I have to stop this. I am a chronic pain patient. Have access to anything from morphine, percocet, most recently Belladonna/Opium and pure oxycodone. nothing I take compares to my drug of choice for the past 3 years.. that evil little white pill, Tramadol

I am not a " high" type person. never enjoyed the stoned feeling. I have extreme lethargy from several chronic diseases and when I found this little speed pill that gave me super energy and feeling like a normal person again , I was hooked.  I was able to get out of bed and have strength, clean my house , go out with my kids, be a normal mom again.

So here I am now , and have been for awhile now, desperately trying to make it until my next script, doctor shopping, E.R. visits just for the purpose of getting more tramadol because my pain managment doctor would cut me off if they knew id taken 150 tablets in a week ... Thats my usual now...  its always been 4 at a time , at least 12 per day,  but for the past year its usually 15-20 per day.  

Ive tried to w/d on my own... its literal hell and I cannot take it.

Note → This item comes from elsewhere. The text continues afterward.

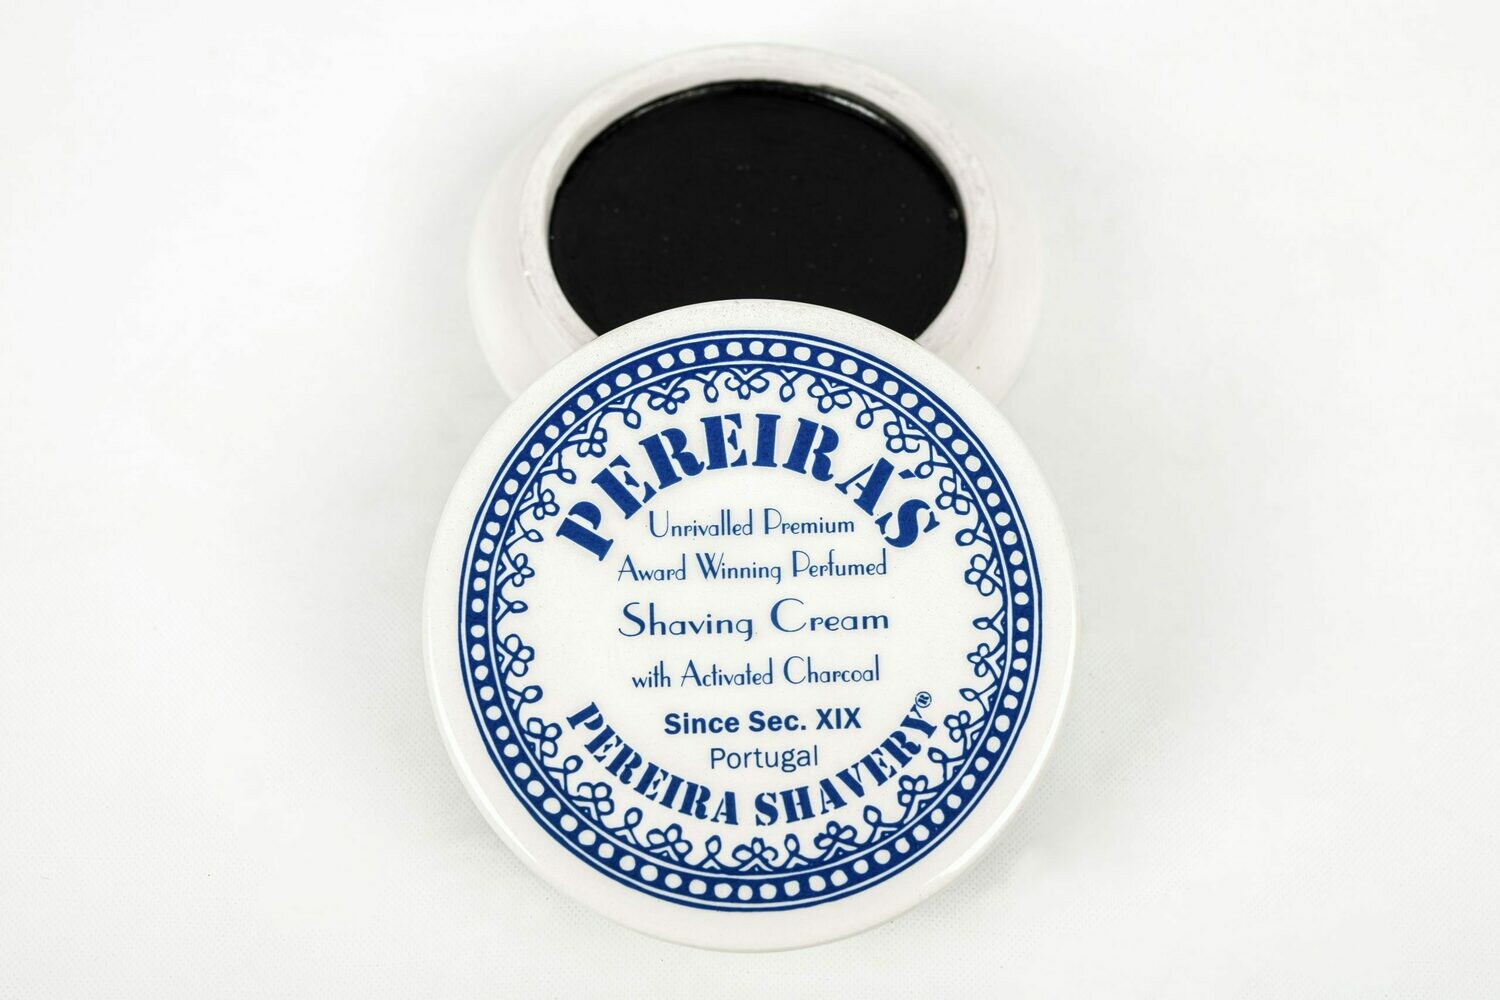 Pereira Shavery Shaving Soap With Activated Charcoal In Ceramic Dish With Different Aromatherapy Options
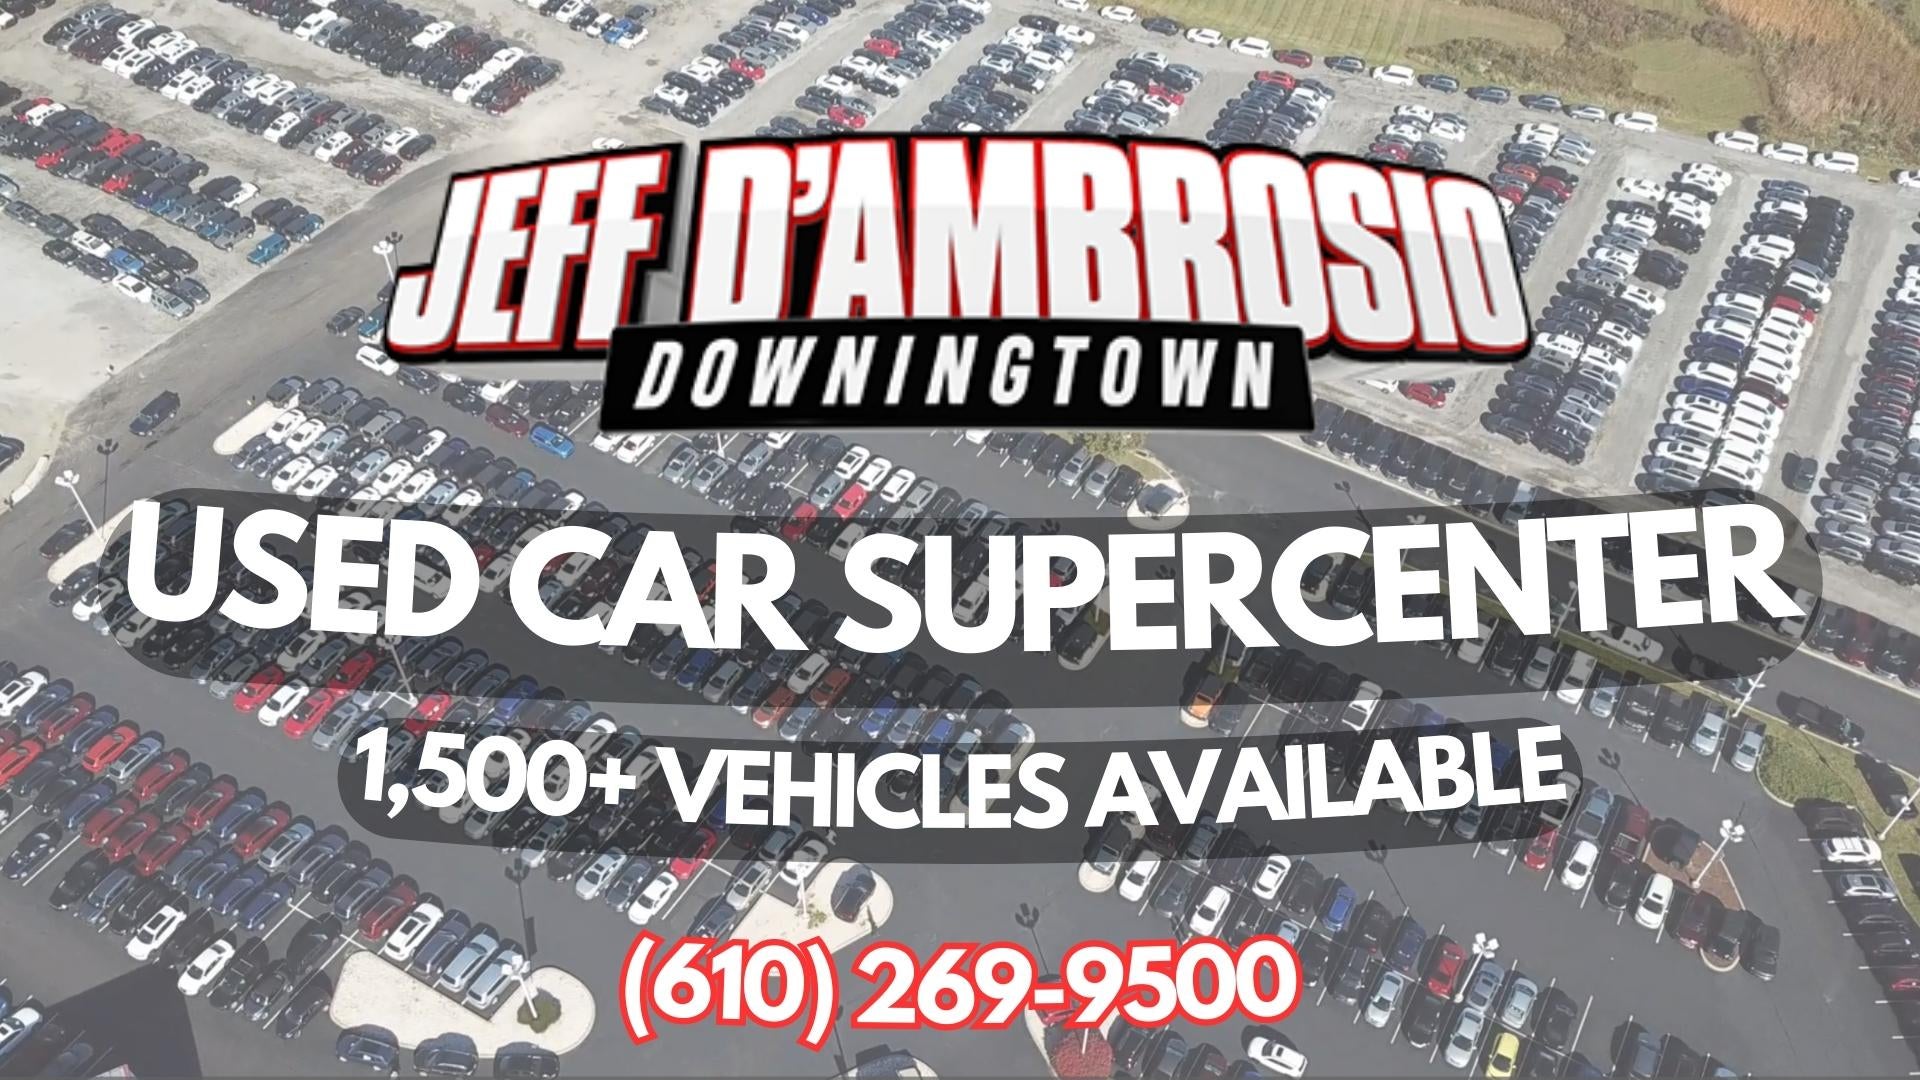 Cars available in Chester County, PA at

Ive used other drugs to replace tramadol ( vicodin, norco etc)  and ive sucessfully done it , but I always go back to tramadol, only because of the energy it gives me.  If I didnt suffer from debilitating fatigue, I wouldnt have ever started this junk. All I wanted  was to be pain free and have a normal energy level. I once had ambition, I could do anything, Now , there are only 3 magic words I wait to hear, " your prescriptions ready"

Ive conned so many doctors, pharmacies, some at the same time... anything to get that pill that controls my life. Im so tired of being slave to a drug that is destroying my body.  its exhausting...  literally scared to look at my bottle, in case its getting low... then the anxiety sets in ," ok I have to start figuring out how to get another script before that runs out."  Im running out of options....  and Im just TIRED.

and to top it all off , last week, I swore I would stop again ... BUT I NEED energy, because I DO suffer from chronic fatigue and I conned some Adderall....  I took the whole bottle of 40 in 3 days.

Thats when I realize , nothing is going to work , because , I AM AN ADDICT. thats the reality. I think it really set it when I was researching on google "  how to call in your own prescriptions" AND I almost went through with it. If I had I probably would have been arrested.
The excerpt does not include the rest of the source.